- [Dataset extract]
^^^^^^^^
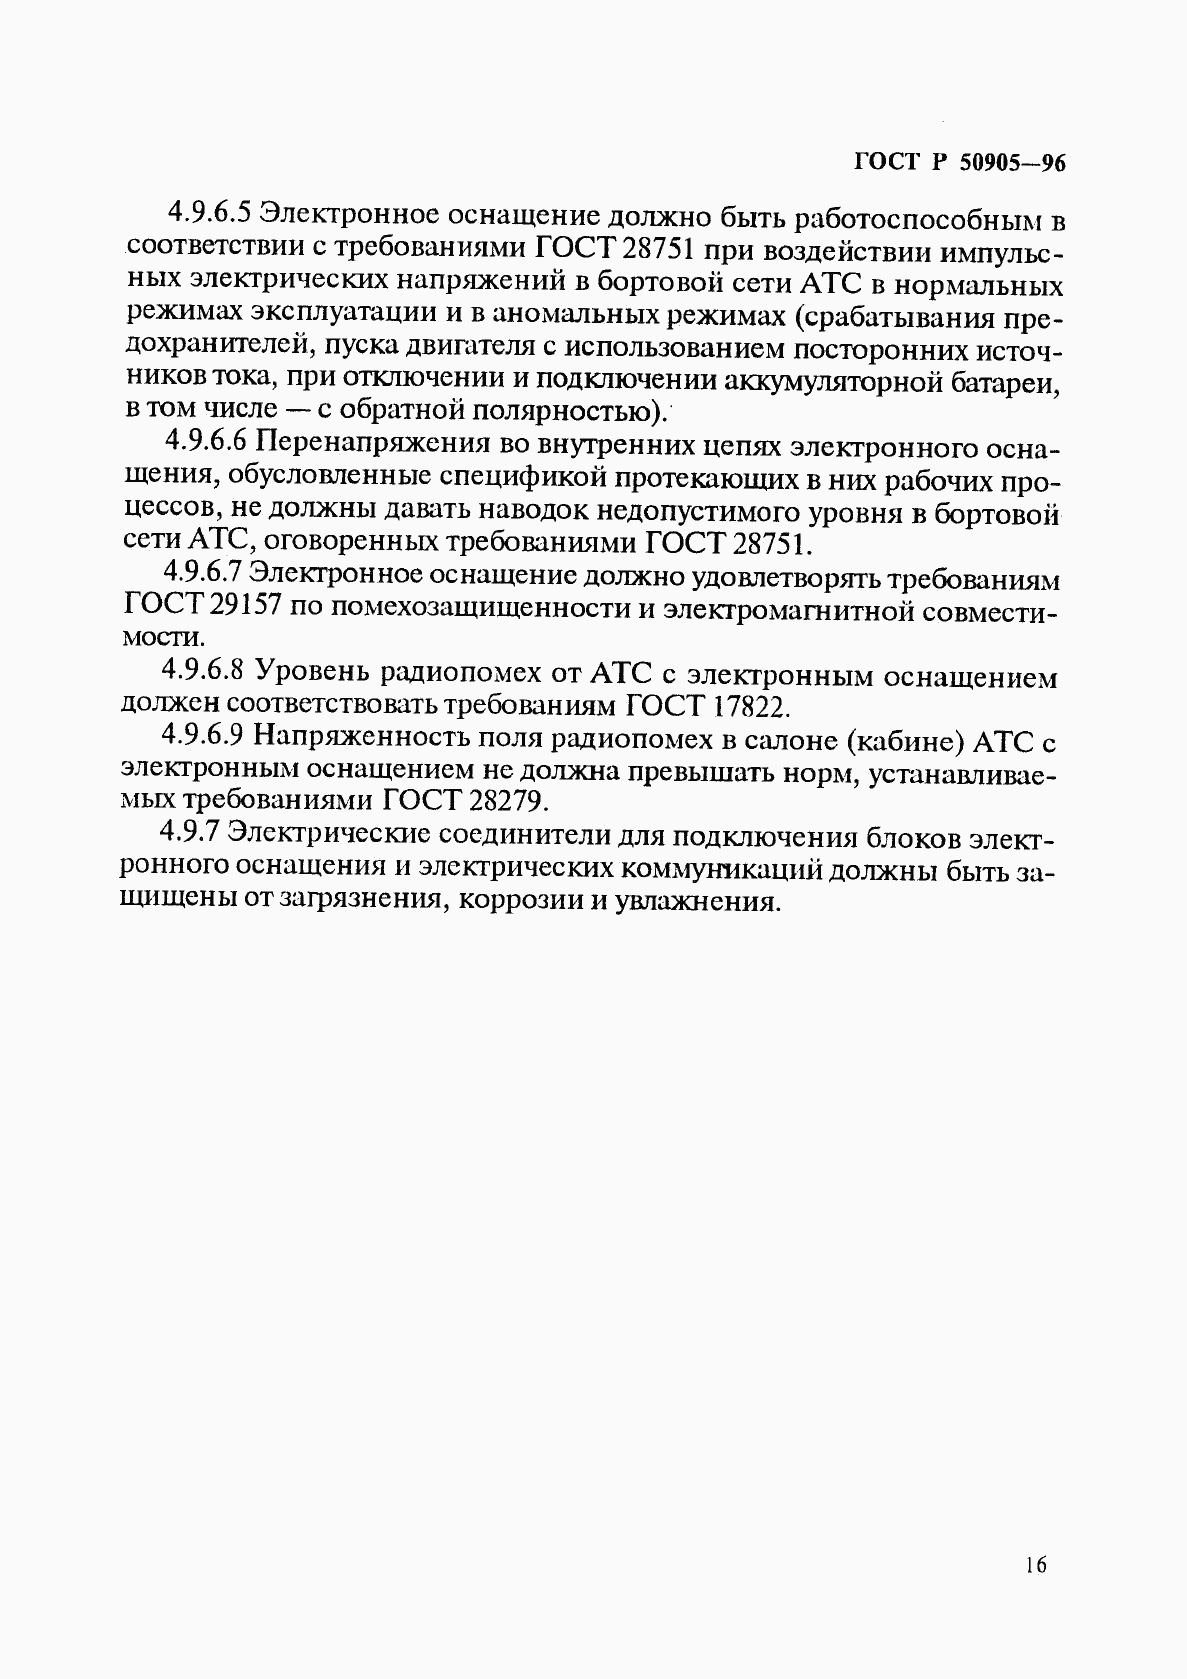 ГОСТ Р 50905-96, страница 19
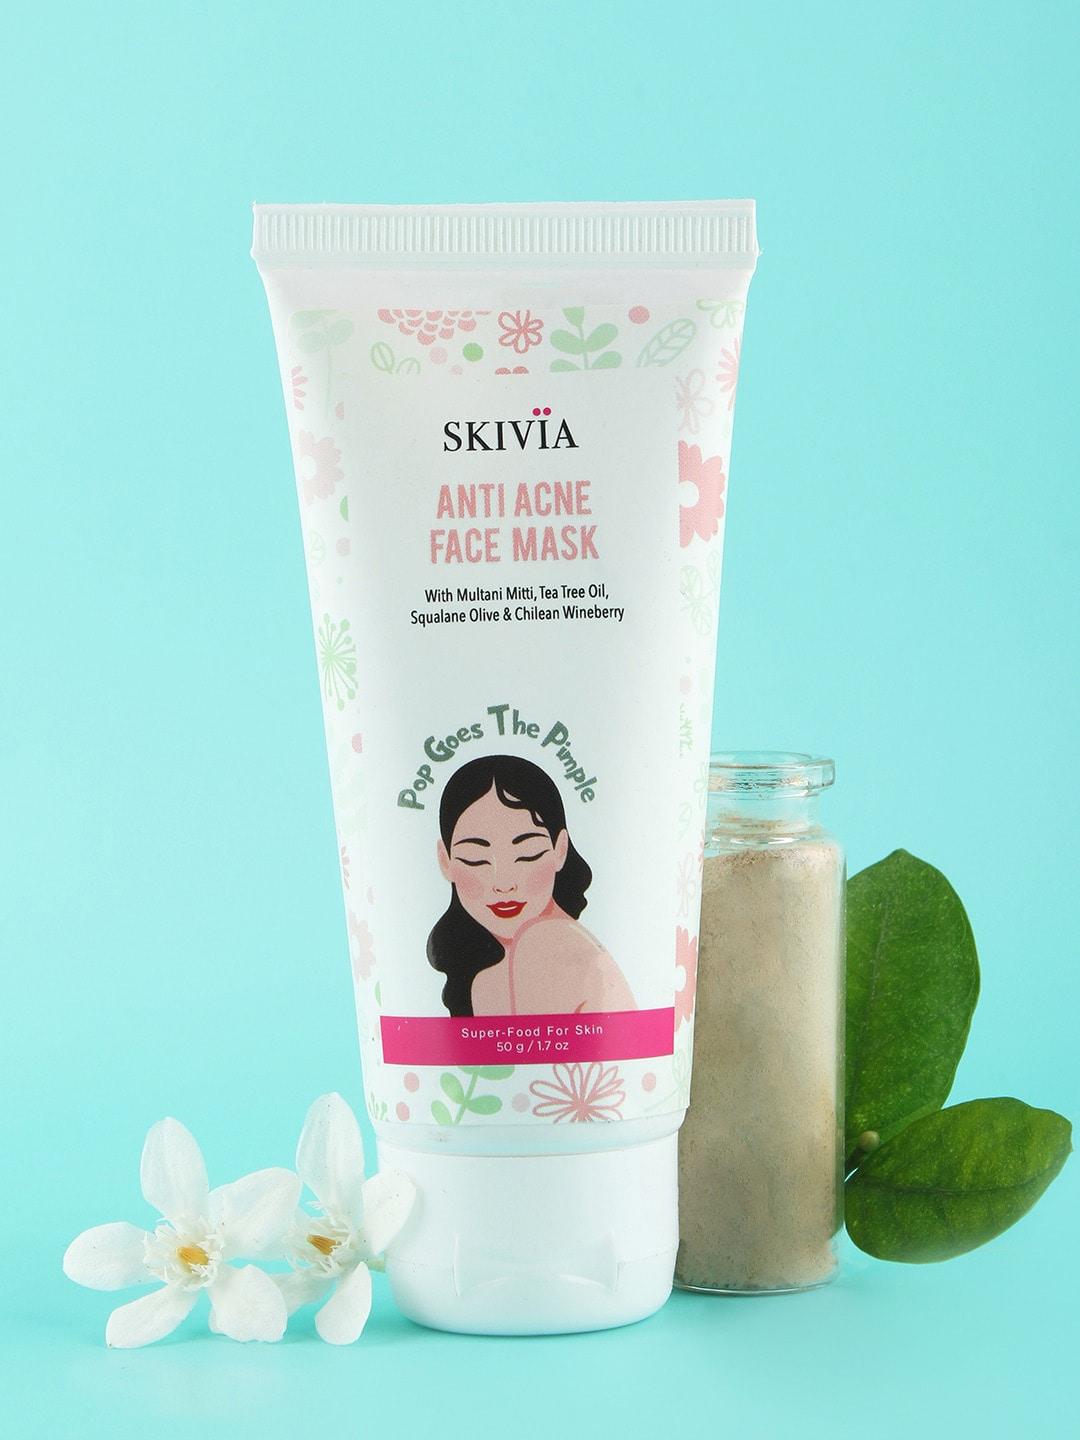 SKIVIA Anti Acne Face Mask With Multani Mitti & Tea Tree Oil To Remove Excess Oil - 50 g
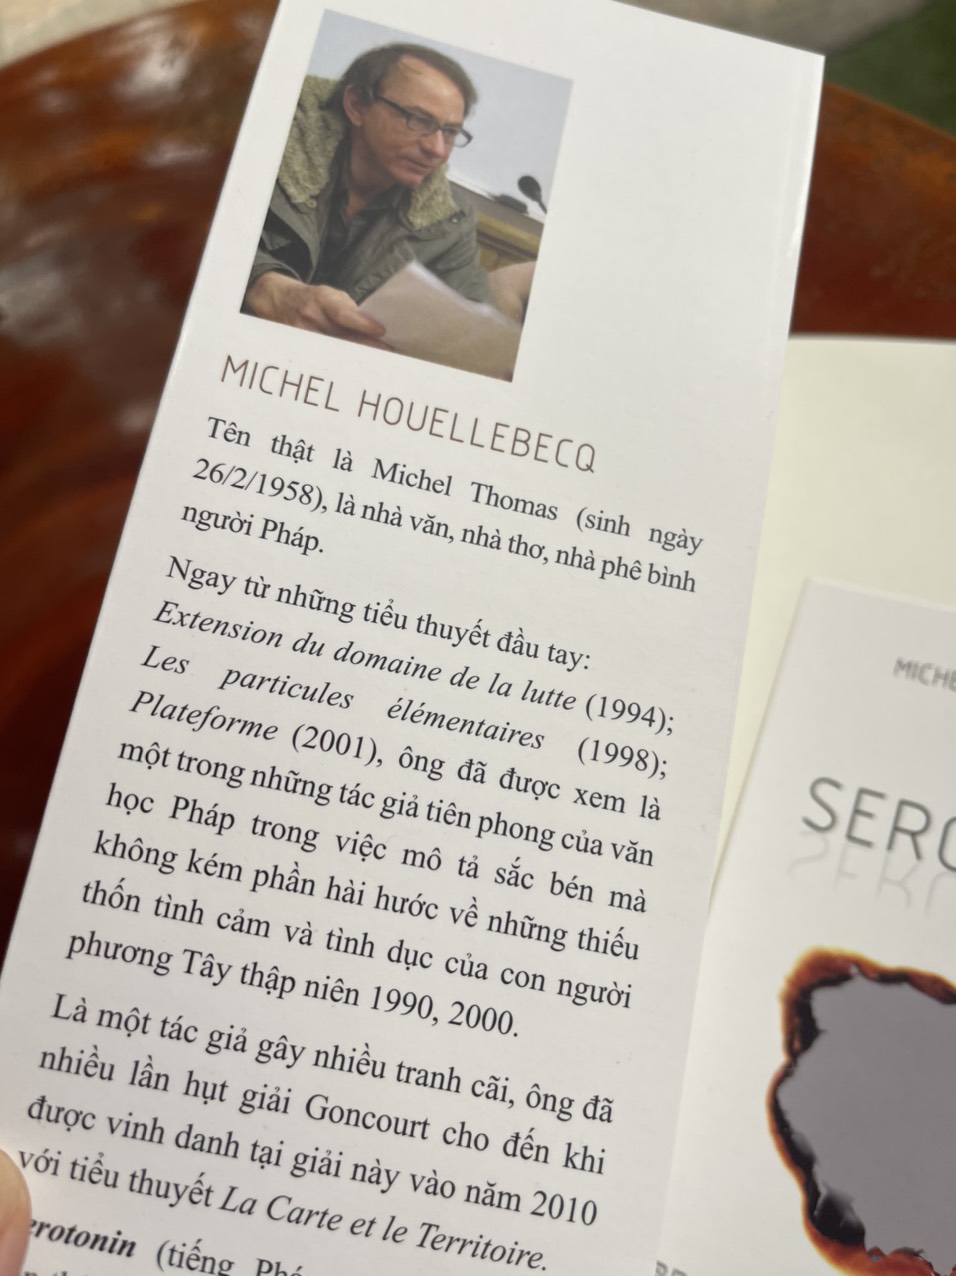 SEROTONIN – Mechel Houellebecq – Thuận dịch – Phanbook – bìa mềm
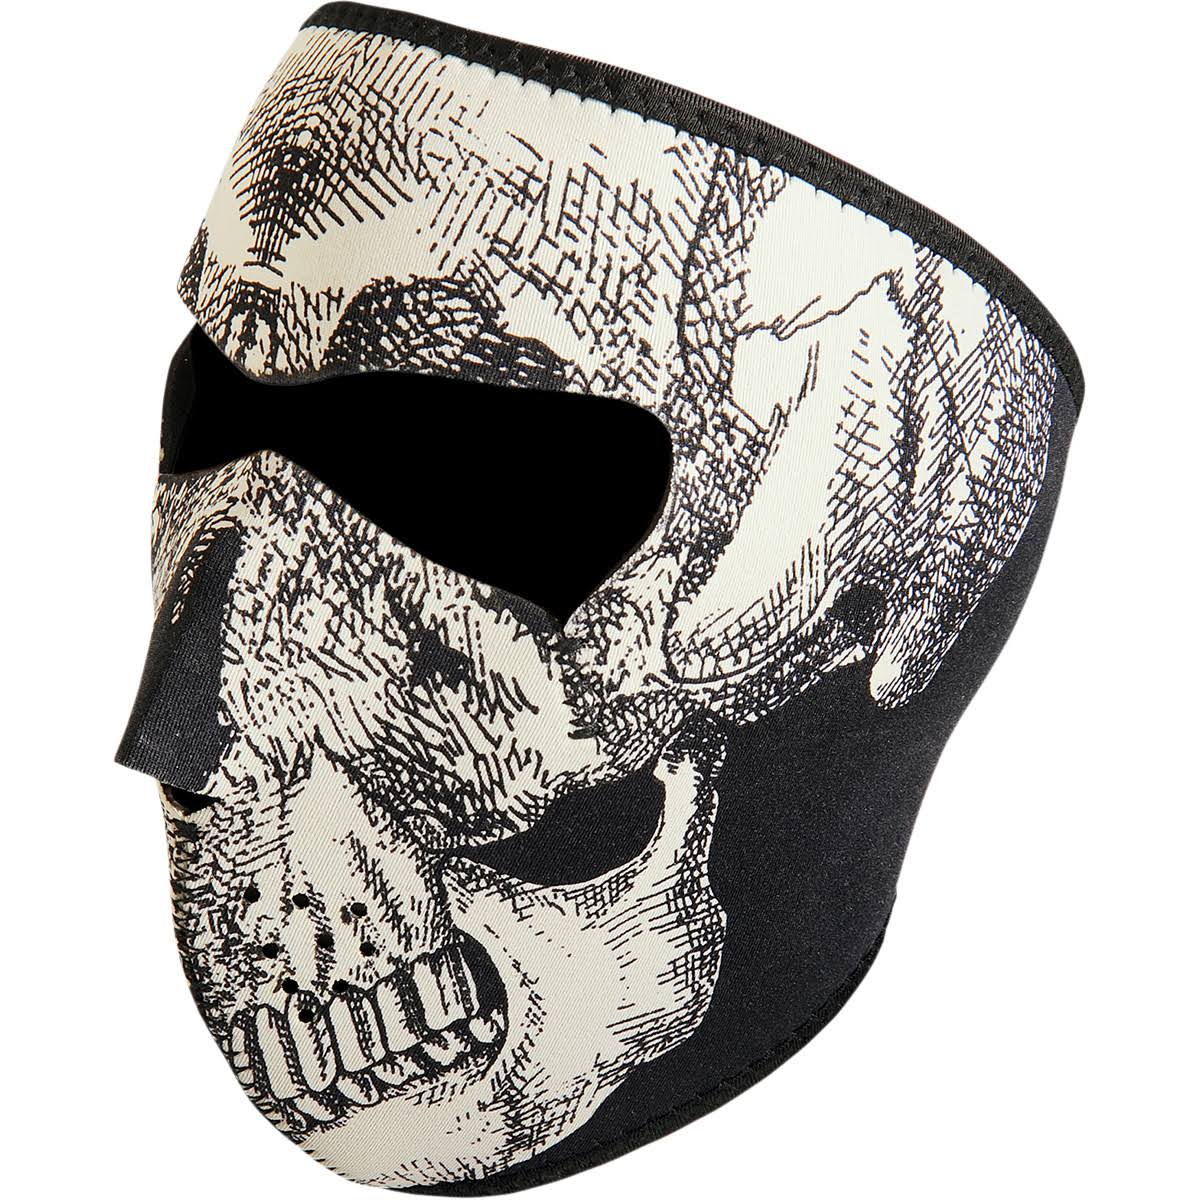 Zan Headgear Glow In The Dark Skull Neoprene Full Face Mask - White
^^^^^^^^
- [Description of the task] Each line of the data should be printed again exactly. Please leave pictures out.

- [Reply]
 ГОСТ Р 50905-96, страница 19
 SKIVIA Anti Acne Face Mask With Multani Mitti & Tea Tree Oil To Remove Excess Oil - 50 g
 SEROTONIN – Mechel Houellebecq – Thuận dịch – Phanbook – bìa mềm
 Zan Headgear Glow In The Dark Skull Neoprene Full Face Mask - White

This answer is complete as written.